Segment Start: Records
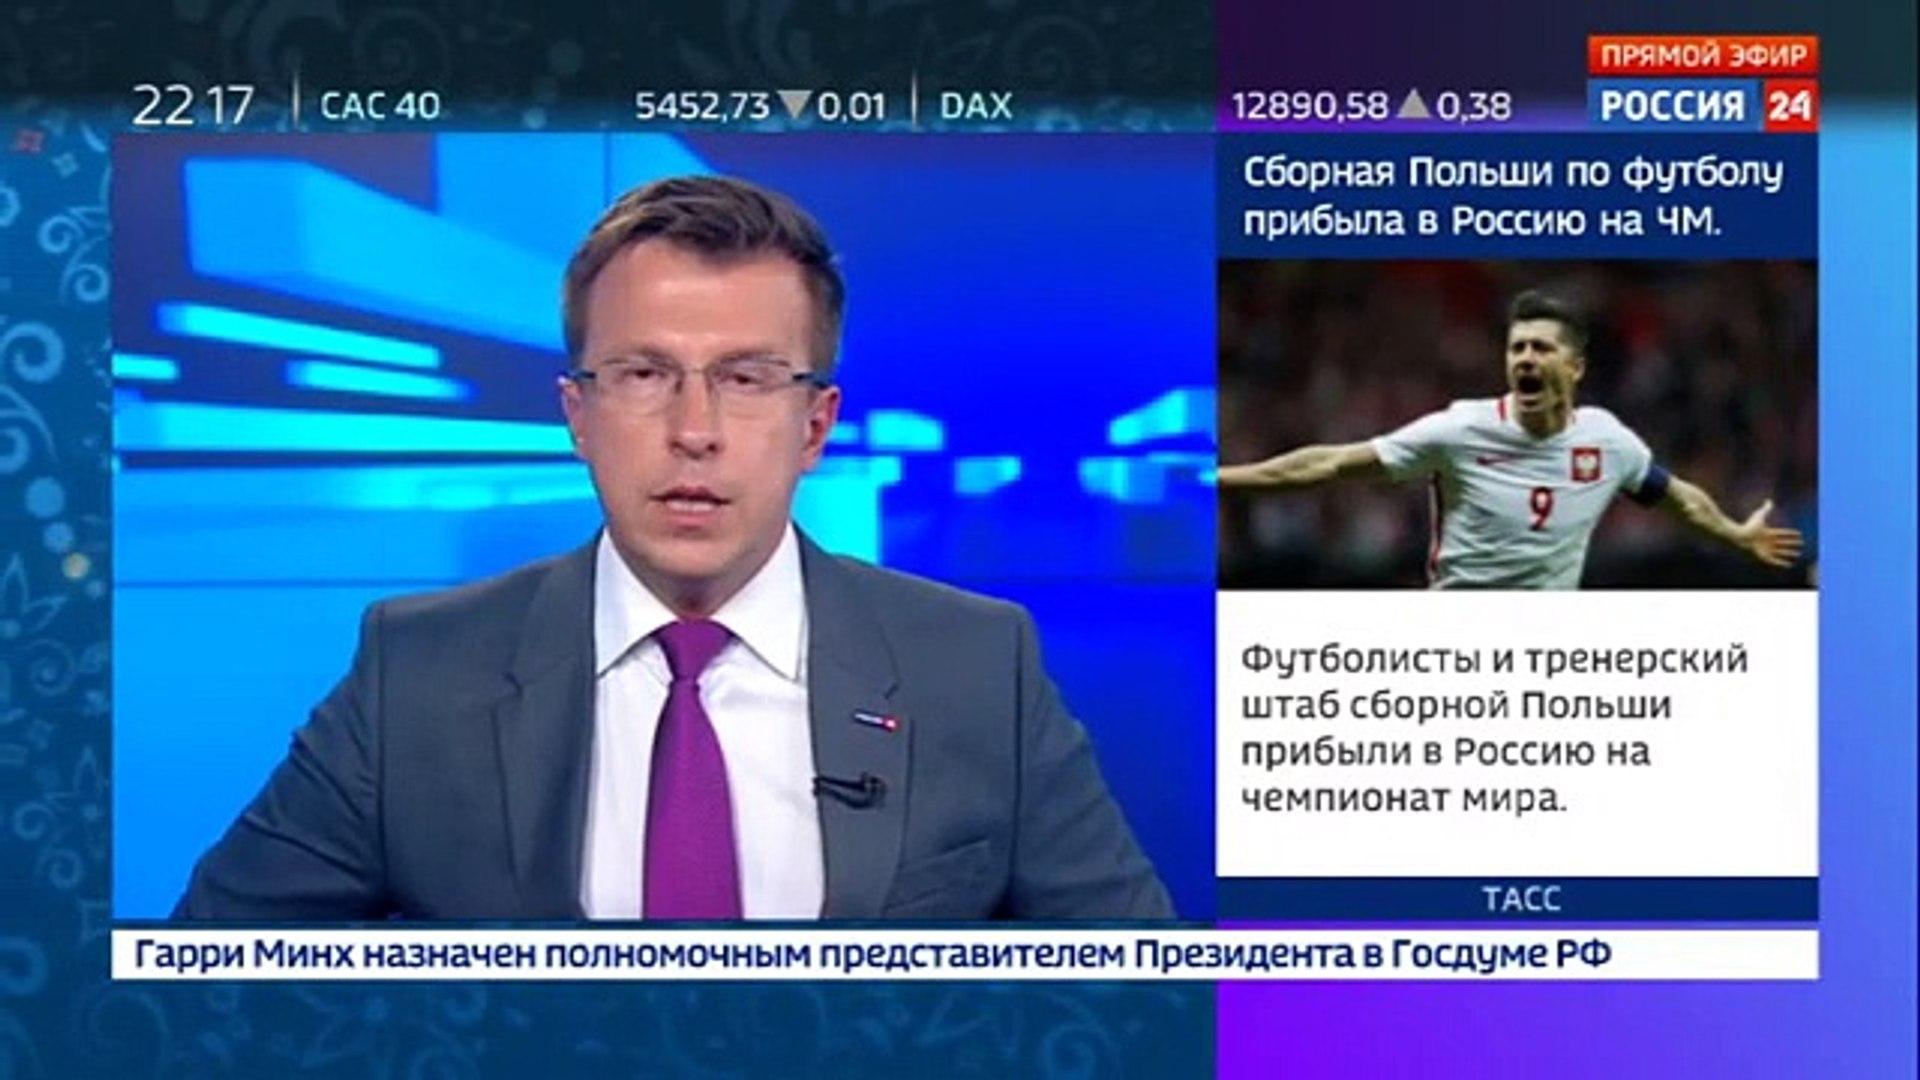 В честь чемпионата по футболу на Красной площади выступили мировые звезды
Segment End: Records
Segment Start: Records
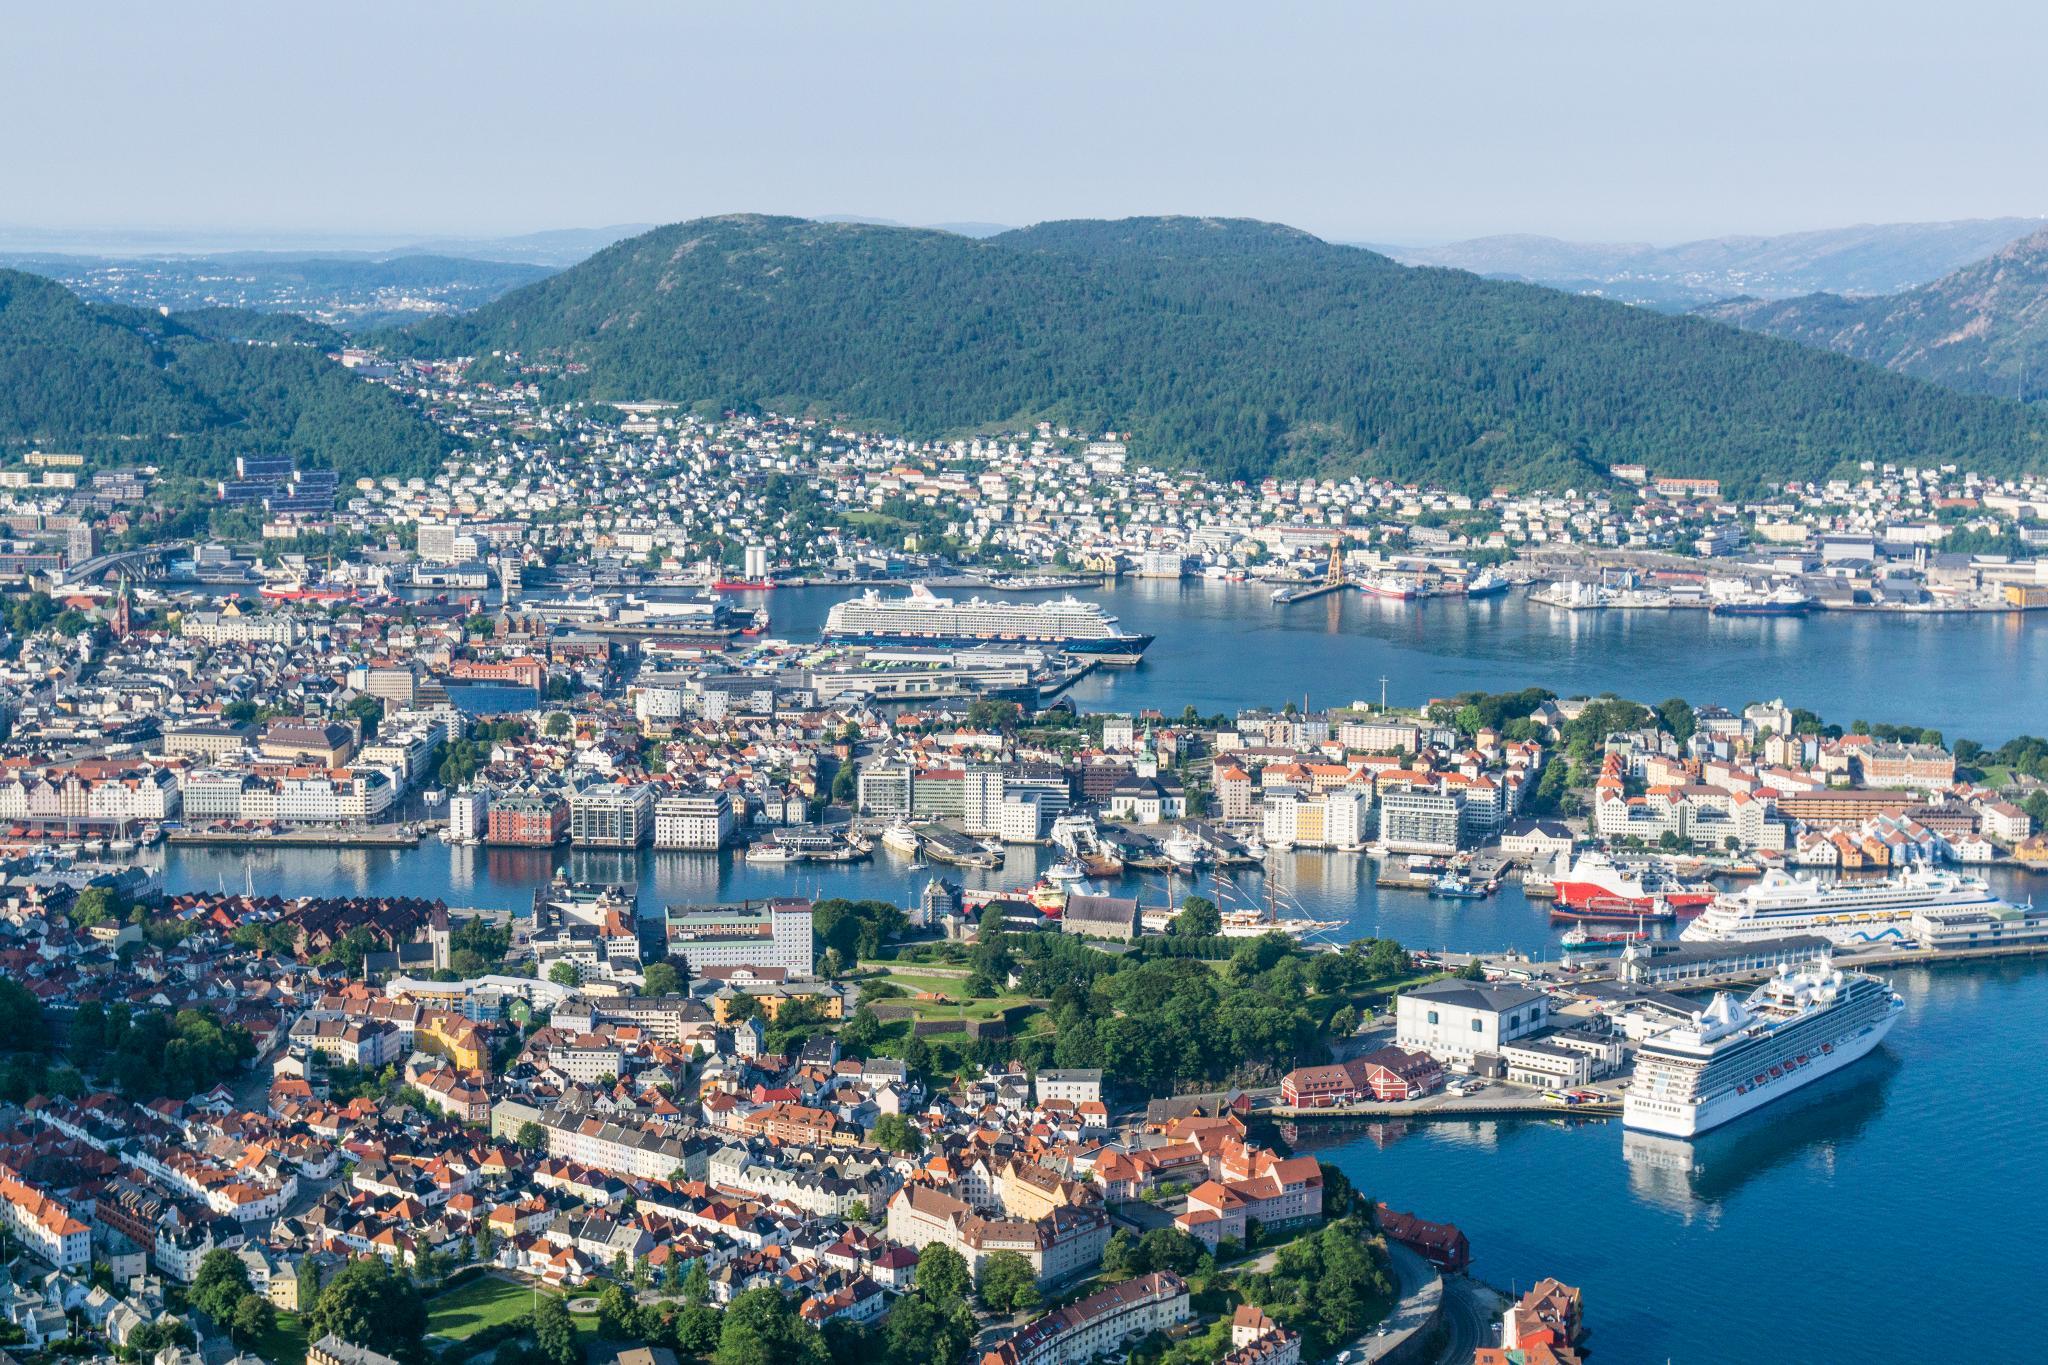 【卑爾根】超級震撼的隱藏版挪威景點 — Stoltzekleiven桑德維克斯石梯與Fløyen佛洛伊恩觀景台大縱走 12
Segment End: Records
Segment Start: Records
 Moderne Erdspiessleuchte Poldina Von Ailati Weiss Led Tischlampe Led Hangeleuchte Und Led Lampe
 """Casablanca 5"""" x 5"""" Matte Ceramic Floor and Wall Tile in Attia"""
Segment End: Records
» **The problem**: Only the lines from the one containing "Moderne Erdspiessleuchte Poldina" through the one containing "Matte Ceramic Floor" are to be retyped, both boundary lines included, with no other material.

» **Solved exercise**:
 Moderne Erdspiessleuchte Poldina Von Ailati Weiss Led Tischlampe Led Hangeleuchte Und Led Lampe
 """Casablanca 5"""" x 5"""" Matte Ceramic Floor and Wall Tile in Attia"""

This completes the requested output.